Wczorajsza sesja na GPW przerwała, krótką to krótką, ale jednak wzrostową serię indeksu WIG20. W środę wskaźnik ten stracił 0,2 proc. Przez cały dzień jednak na rynku byliśmy świadkami niezdecydowania. Inwestorzy nie mieli większego pomysłu na handel stąd też i ostateczna, niewielka zmiana indeksu. Czy dzisiejsza sesja dostarczy inwestorom więcej emocji?
Początek dnia raczej na to nie wskazuje. WIG20 w pierwszych minutach handlu znajdował się blisko poziomu zamknięcia z wczoraj, z lekką przewagą sprzedających. Trudno jednak na tej podstawie wyrokować, jaki będzie przebieg sesji.
Wzrostami zakończyła się wczorajsza sesja na Wall Street. Dow Jones Industrial zyskał 0,9 proc., natomiast indeks S&P500 urósł 0,8 proc. Wczoraj wieczorem poznaliśmy tzw. minutki z ostatniego posiedzenia Rezerwy Federalnej, które w zasadzie potwierdziły to o czym wcześniej mówiono. Większość członków Fed ostatnią obniżkę stóp procentowych uznało za ruch dostosowawczy w trakcie cyklu, a nie początek całej serii obniżek. Informacja ta była zgodna z oczekiwaniami i dalej tak naprawdę nie wiemy, czego w najbliższym czasie możemy spodziewać się po amerykańskim banku centralnym. Być może mądrzejsi będziemy pod koniec tygodnia, po spotkaniu bankierów centralnych w Jackson Hole.
Na rynkach azjatyckich mieliśmy stosunkowo spokojny dzień. Niewielki wzrost zaliczył indeks Nikkei225, jednak już Shanghai Composite tuż przed zamknięciem notowań był na niewielkim minusiem. Słabo radził sobie Hang Seng, który zniżkował o około 0,9 proc.

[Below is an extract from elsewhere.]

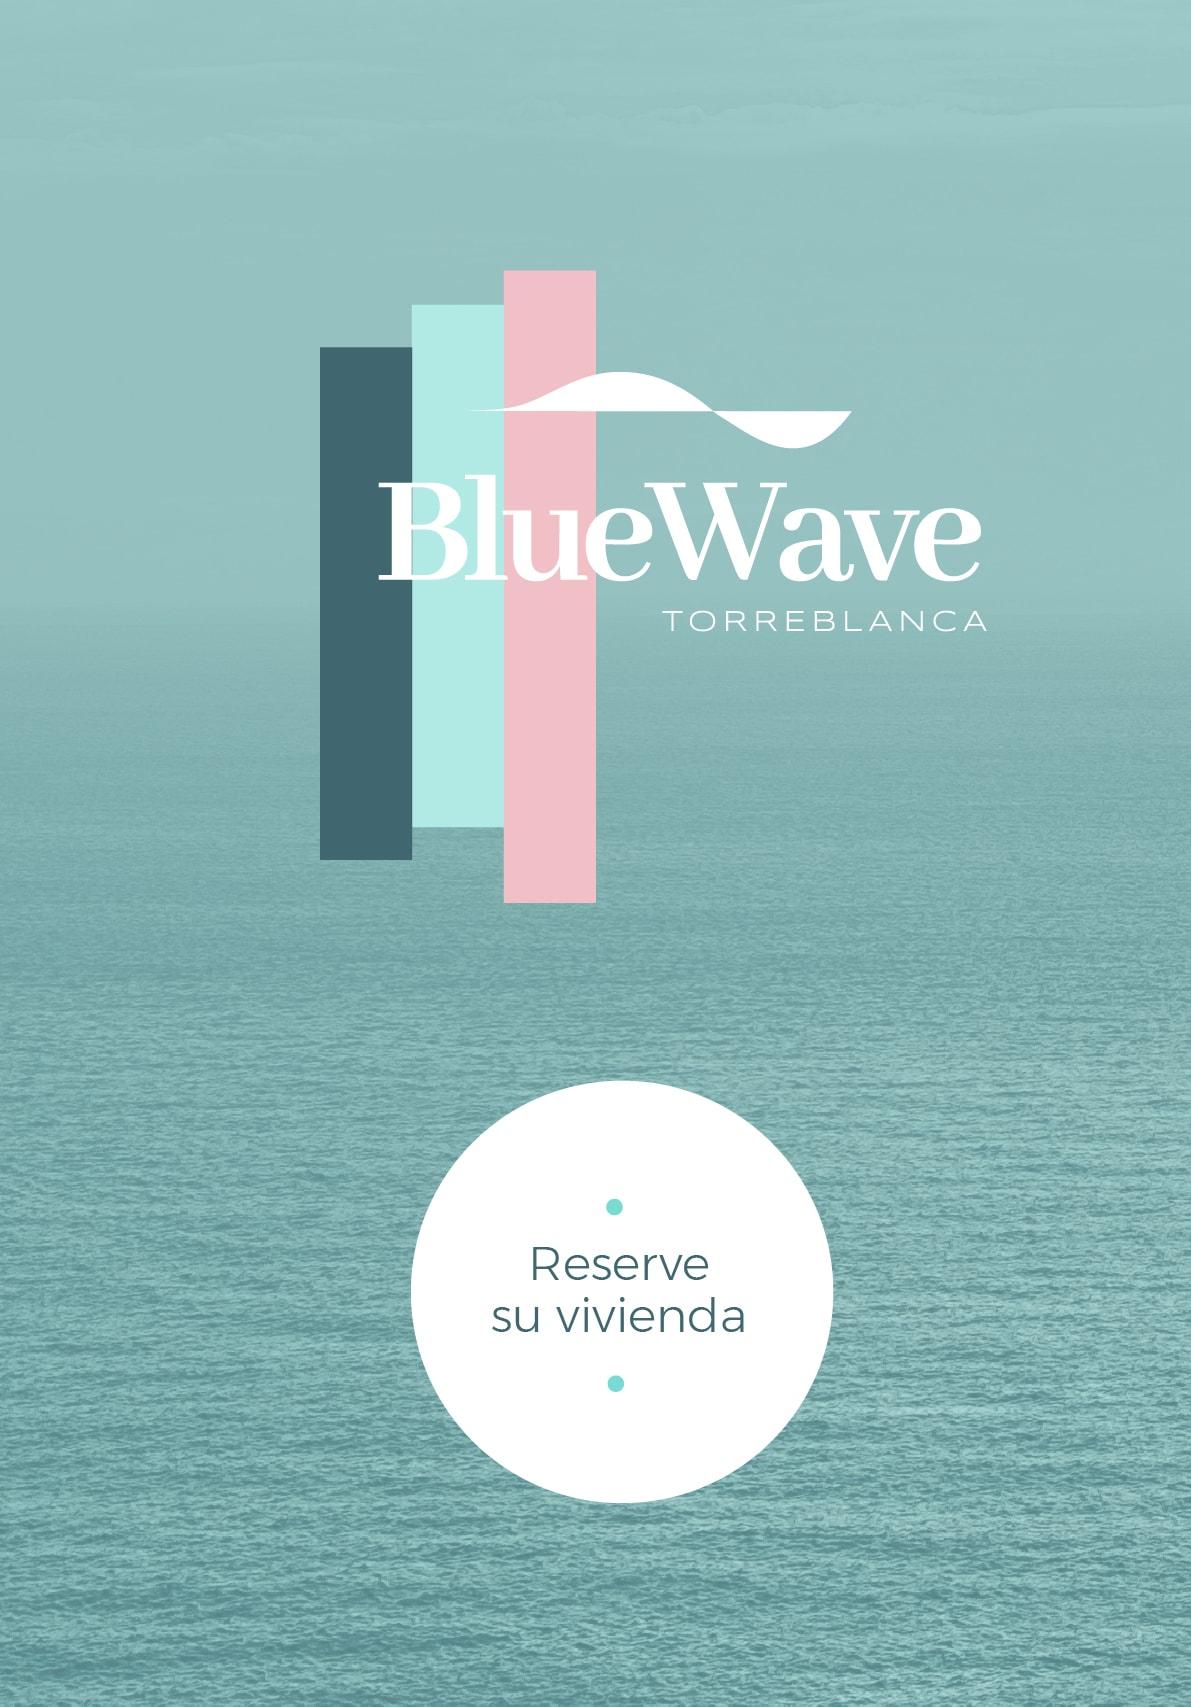 BlueWave Torreblanca - Reserva del Higuerón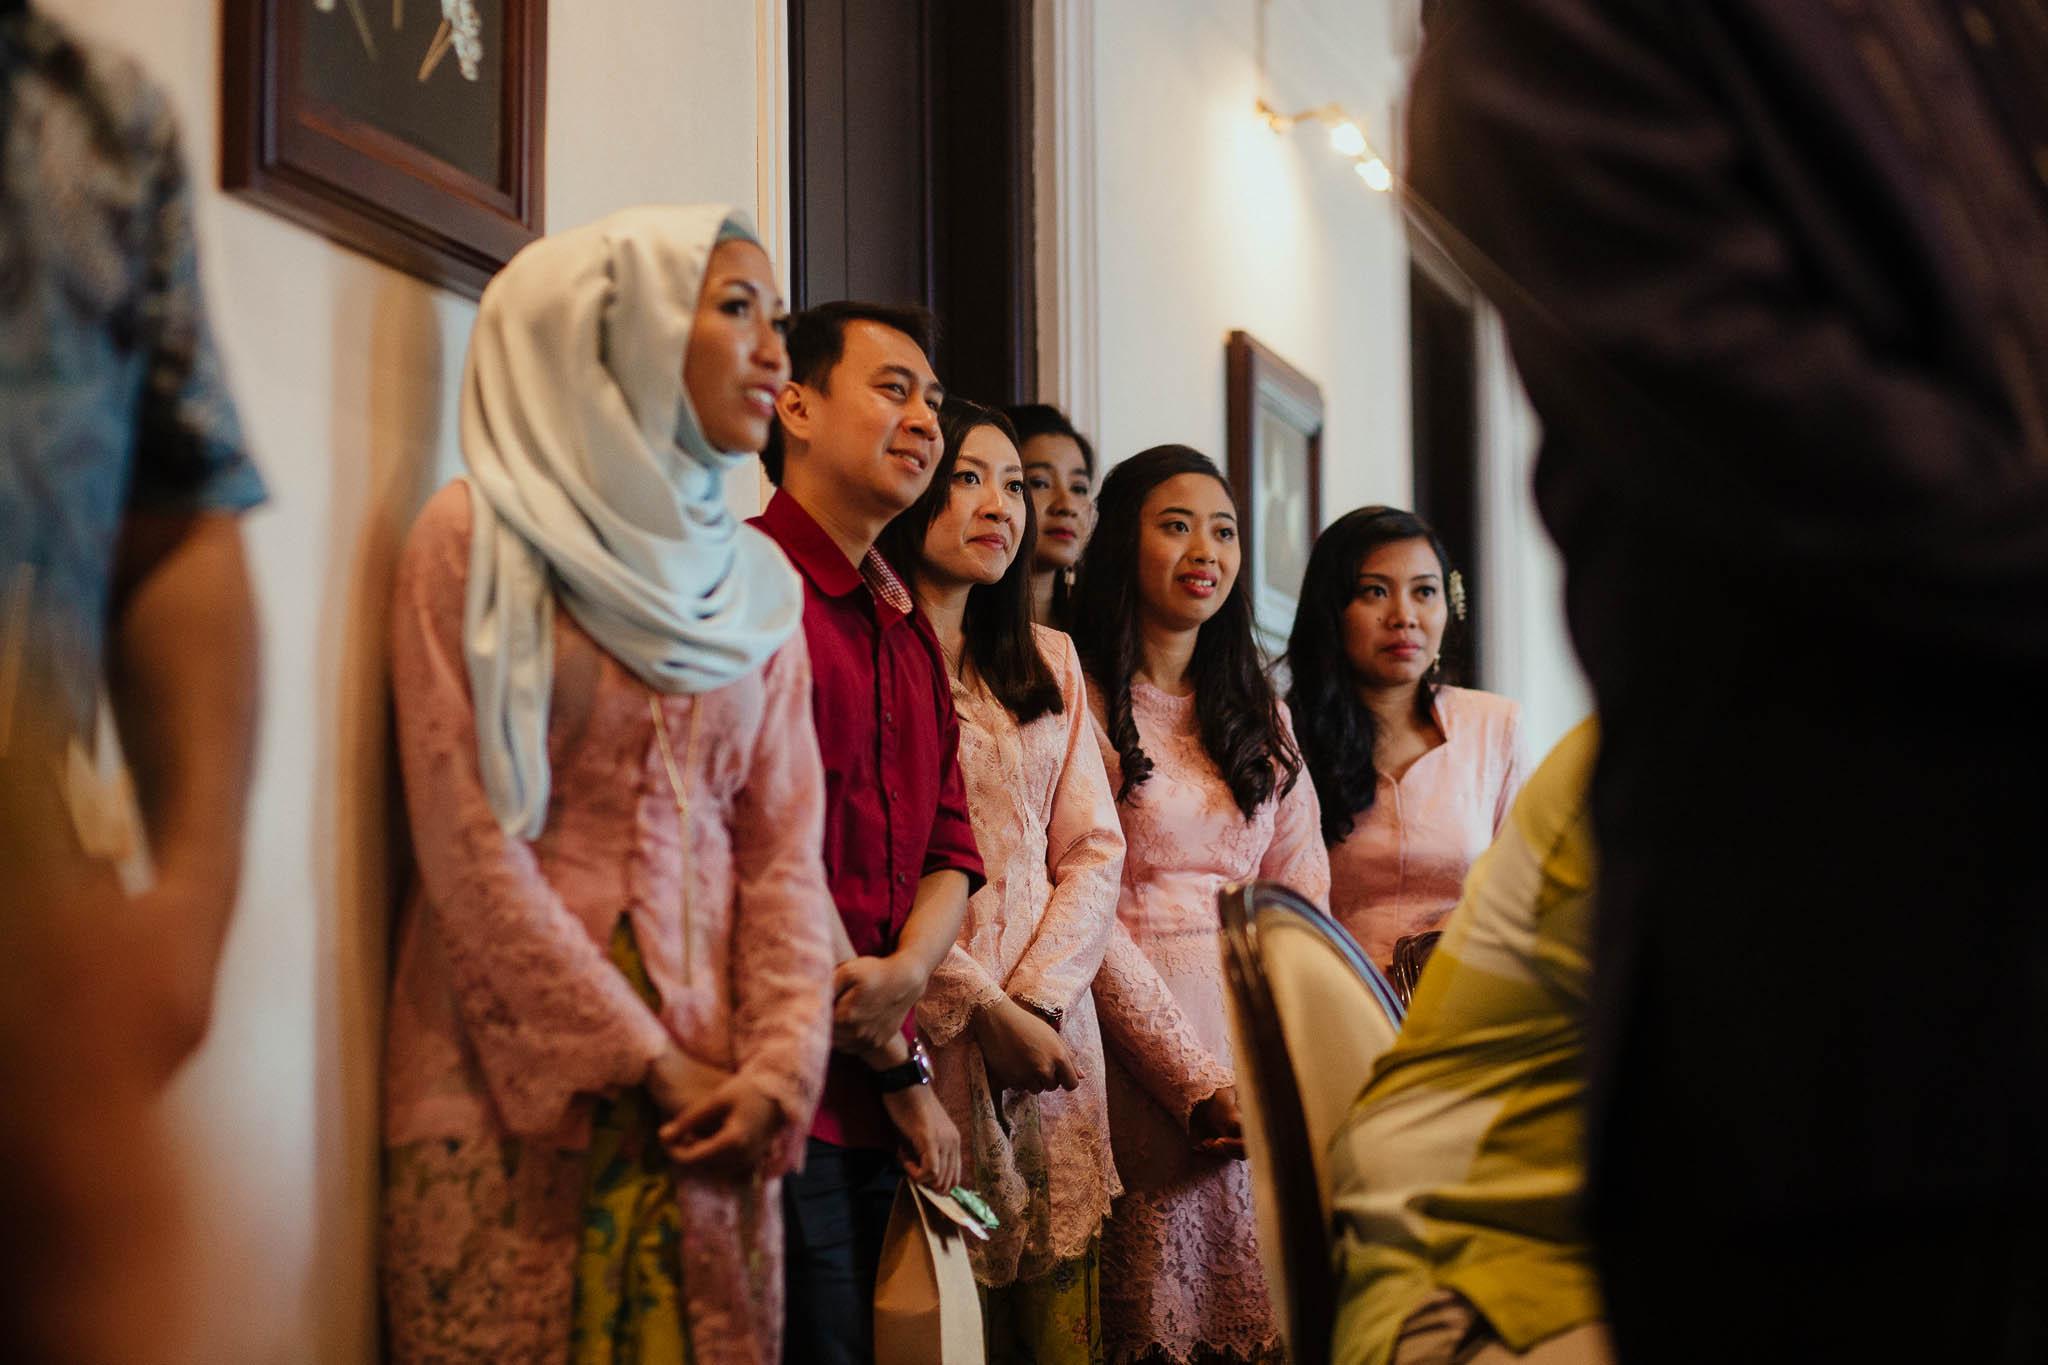 singapore-wedding-photographer-travel-wemadethese-atara-hafizah-64.jpg

Dzisiaj atrakcji makroekonomicznych raczej nie ma zbyt wiele. W Polsce będziemy mieli odczyt dotyczący sprzedaży detalicznej, z kolei w Stanach Zjednoczonych tradycyjne odczyty z rynku pracy. Oczywiście nie można także zapominać o sezonie wynikowym. Osiągnięciami w II kwartale pochwalił się m.in. Bank Handlowy, firma GTC czy też grupa PGNiG.